Please note: This FAQ is specific to reading files in a UNIX environment, and may not work in all UNIX environments.
It can be very efficient to store large raw data files compressed with gzip (as .gz files). Such files often are 20 times smaller than the original raw data file. For example, a raw data file that would take 200 megabytes could be compressed to be as small as 10 megabytes. Let’s illustrate how to read a compressed file with a small example. Consider the data file shown below.
AMC Concord 220 2930 4099 AMC Pacer 170 3350 4749 AMC Spirit 220 2640 3799 Buick Century 200 3250 4816 Buick Electra 150 4080 7827
If this were a raw data file called rawdata.txt we could read it using a SAS program like the one shown below.

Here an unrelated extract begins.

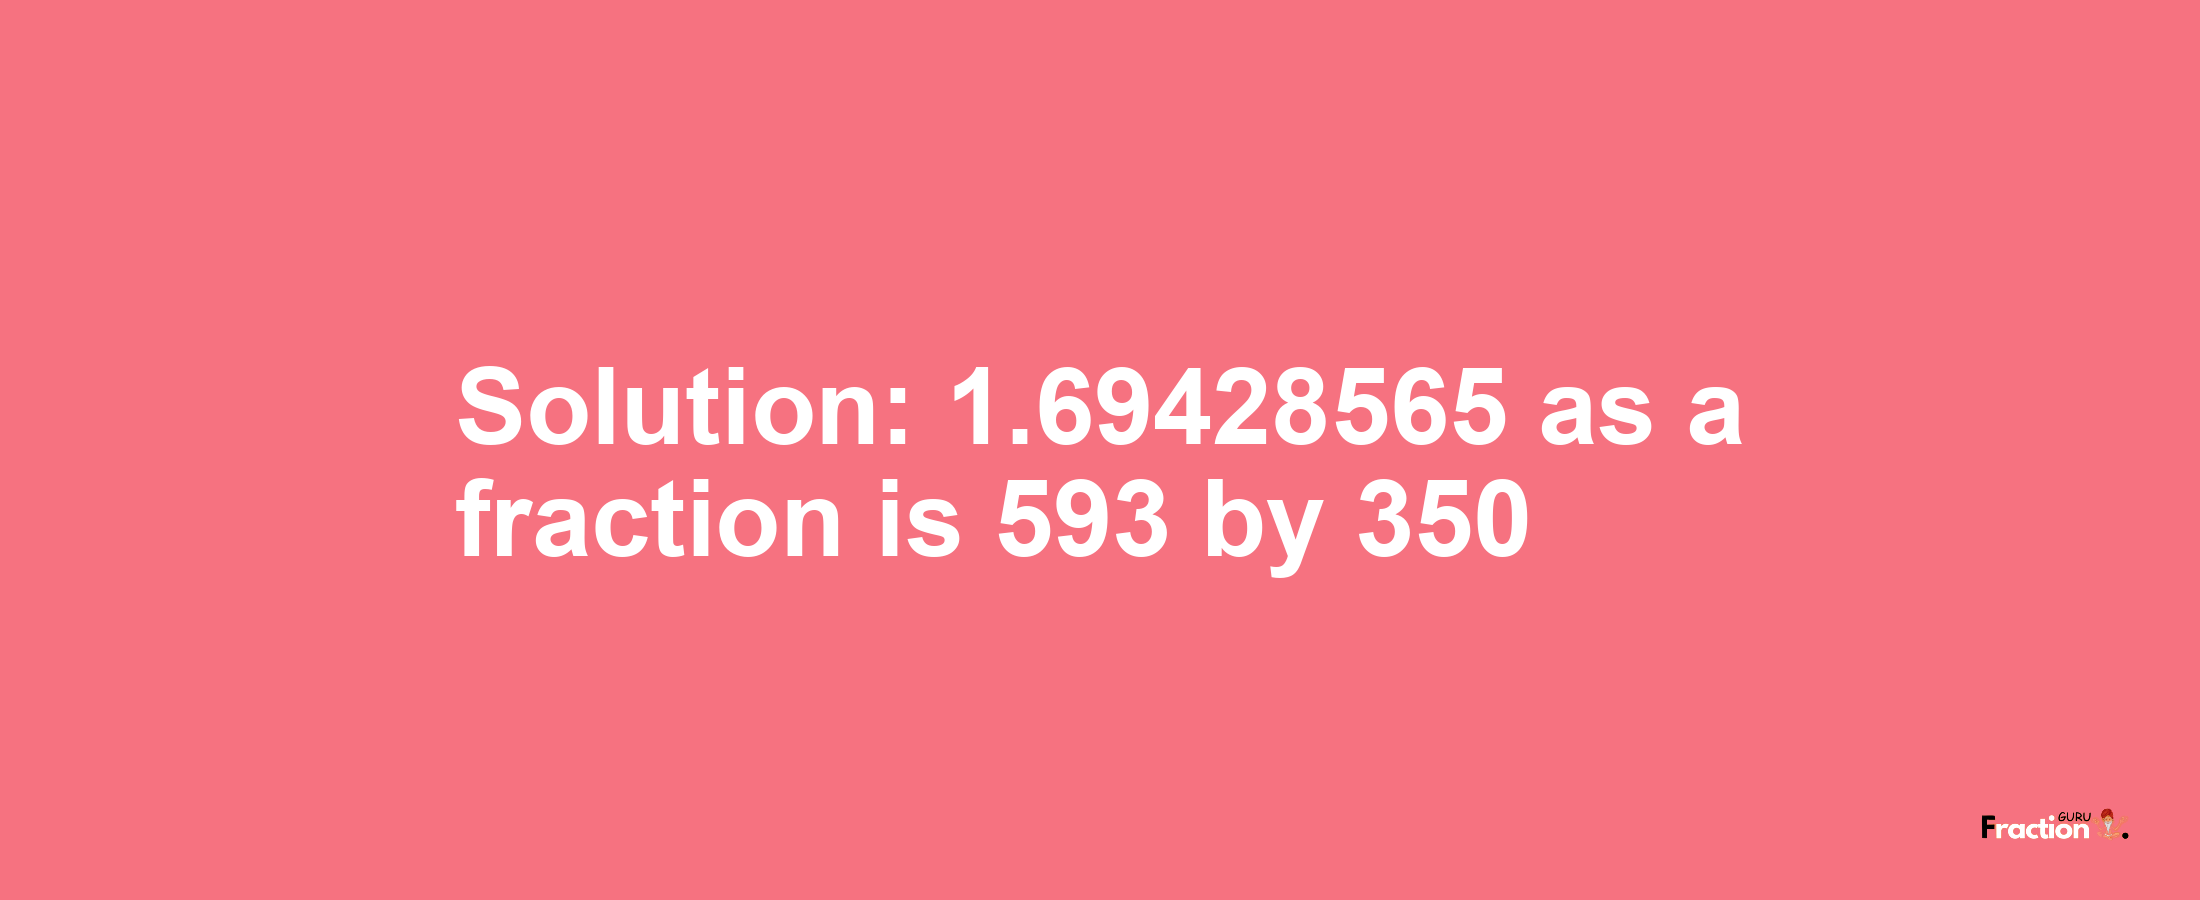 Solution:1.69428565 as a fraction is 593/350

FILENAME in "rawdata.txt" ; DATA test; INFILE in ; INPUT make $ 1-14 mpg 15-18 weight 19-23 price 24-27 ; RUN;
On most UNIX computers (e.g., Nicco, Aristotle) you could compress rawdata.txt by typing
gzip rawdata.txt &
and this would create a compressed version named rawdata.txt.gz . To read this file into SAS, normally you would first uncompress the file, and then read the uncompressed version into SAS. This can be very time consuming to uncompress the file, and consume a great deal of disk space. Instead, you can read the compressed file rawdata.txt.gz directly within SAS without having to first uncompress it. SAS can uncompress the file "on the fly" and never create a separate uncompressed version of the file. On most UNIX computers (e.g., Nicco, Aristotle) you could read the file with a program like this.
FILENAME in PIPE "gzip -dc rawdata.txt.gz" LRECL=80 ; DATA test; INFILE in ; INPUT make $ 1-14 mpg 15-18 weight 19-23 price 24-27 ; RUN;
In your program, be sure to change the lrecl=80 to be the width of your raw data file (the width of the longest line of data). If you are unsure of how wide the file is, just use a value that is certainly wider than the widest line of your file.
You would most likely use this technique when you are reading a very large file. You can test your program by just reading a handful of observations by using the obs= parameter on the infile statement, e.g., infile in obs=20; would read just the first 20 observations from your file.